1. For all $m\geq 0$, we have $F_{2m}^2=3F_{2m-1}^2-F_{2m-2}^2-2$ and $F_{2m+1}^2=3F_{2m}^2-F_{2m-1}^2+2$.

This can be easily proved by induction on $m$ and Binet's formula. Note that the two equations $\varphi^4-3\varphi^2+1=0$ and $(\varphi^{-1})^4-3(\varphi^{-1})^2+1=0$ are used in the inductive step.

2. For all $m\geq 0$, we have $F_{2m}^2=\frac{2}{5}\left(T_{2m}\left(-\frac{3}{2}\right)-1\right)$ and $F_{2m+1}^2=-\frac{2}{5}\left(T_{2m+1}\left(-\frac{3}{2}\right)-1\right)$.

This is again an easy induction on $m$. Just use step 1 and the formula (*).

3. For all $m\geq 0$, we have $P_{2m}^2=\frac{2}{5}\left(T_{2m}\left(-\frac{3}{2}\right)-1\right)$ and $P_{2m+1}^2=-\frac{2}{5}\left(T_{2m+1}\left(-\frac{3}{2}\right)-1\right)$.

This is done by analyzing the real roots of $T_n(x)-1$. The equation $T_{2m}(x)-1=0$ has double zeros at each $\cos\dfrac{2kπ}{2m}$, $1\leq k\leq m-1$, and two trivial zeros $x=\pm 1$. This gives $$T_{2m}(x)-1=2^{2m-1}(x-1)(x+1)\prod\limits_{k=1}^{m-1} (x-\cos\dfrac{2kπ}{2m})^2.$$ On the other hand, $T_{2m+1}(x)-1$ has double zeros at each $\cos\dfrac{2kπ}{2m+1}$, $1\leq k\leq m$, and one trivial zero $x=1$. This gives $$T_{2m+1}(x)-1=2^{2m}(x-1)\prod\limits_{k=1}^{m} (x-\cos\dfrac{2kπ}{2m+1})^2.$$ Plugging in $x=-\frac{3}{2}$ in the above equations easily yieds $P_{2m}^2=\frac{2}{5}\left(T_{2m}\left(-\frac{3}{2}\right)-1\right)$ and $P_{2m+1}^2=-\frac{2}{5}\left(T_{2m+1}\left(-\frac{3}{2}\right)-1\right)$.

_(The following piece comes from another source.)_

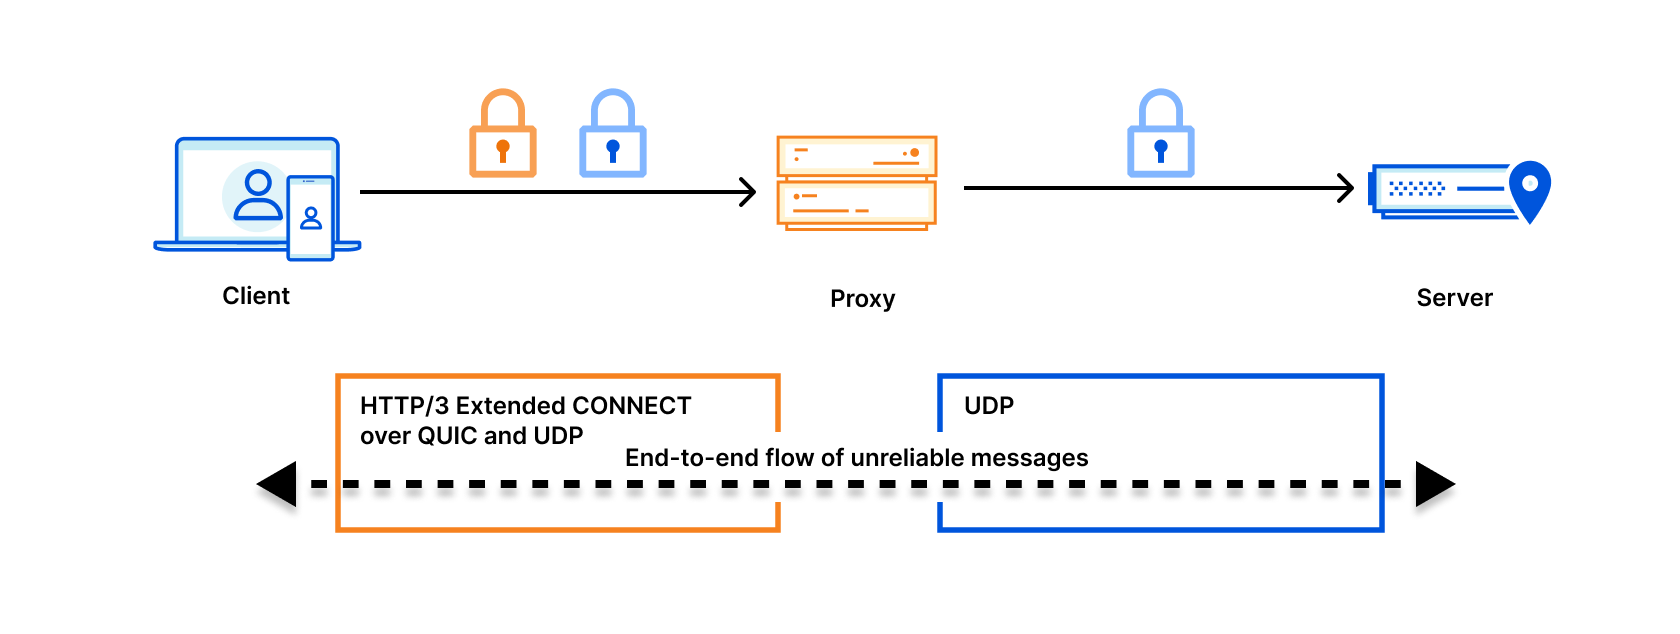 Components involved in UDP tunneling. From left-to-right: Client, Proxy, Server.
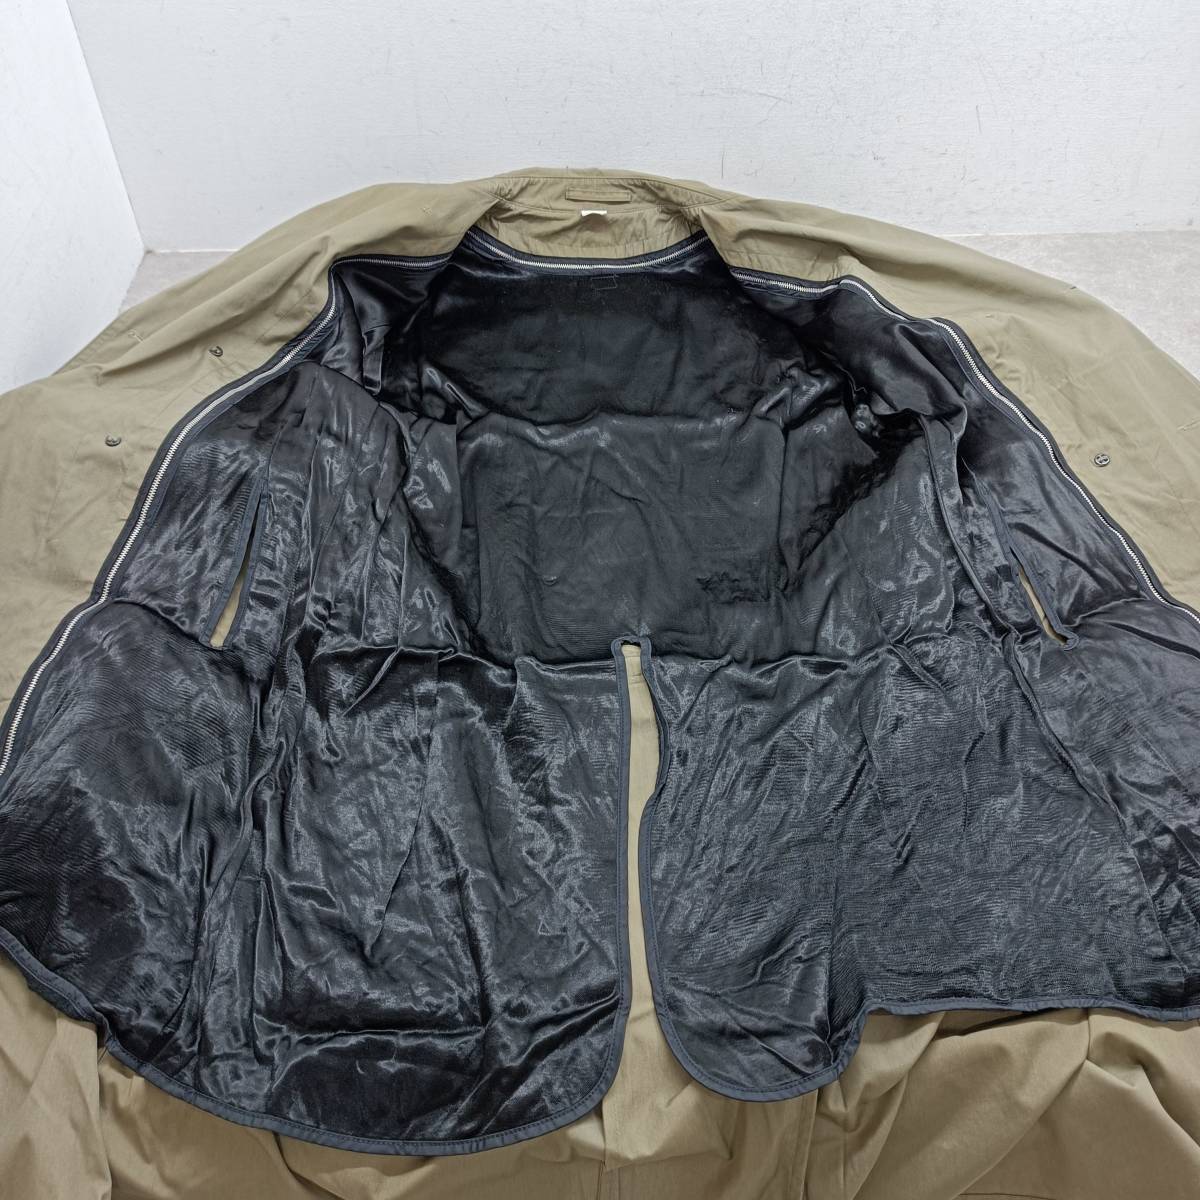 G554☆送料無料☆US.ARMY 90年代 ライナー付 オールウェザーコート『8405-01-107-0230』SIZE/34R KHK All Whether Coat 米軍 ミリタリー

We have shown that $P_{2m}^2=\frac{2}{5}\left(T_{2m}\left(-\frac{3}{2}\right)-1\right)=F_{2m}^2$ and $P_{2m+1}^2=-\frac{2}{5}\left(T_{2m+1}\left(-\frac{3}{2}\right)-1\right)=F_{2m+1}^2$. The proof is complete.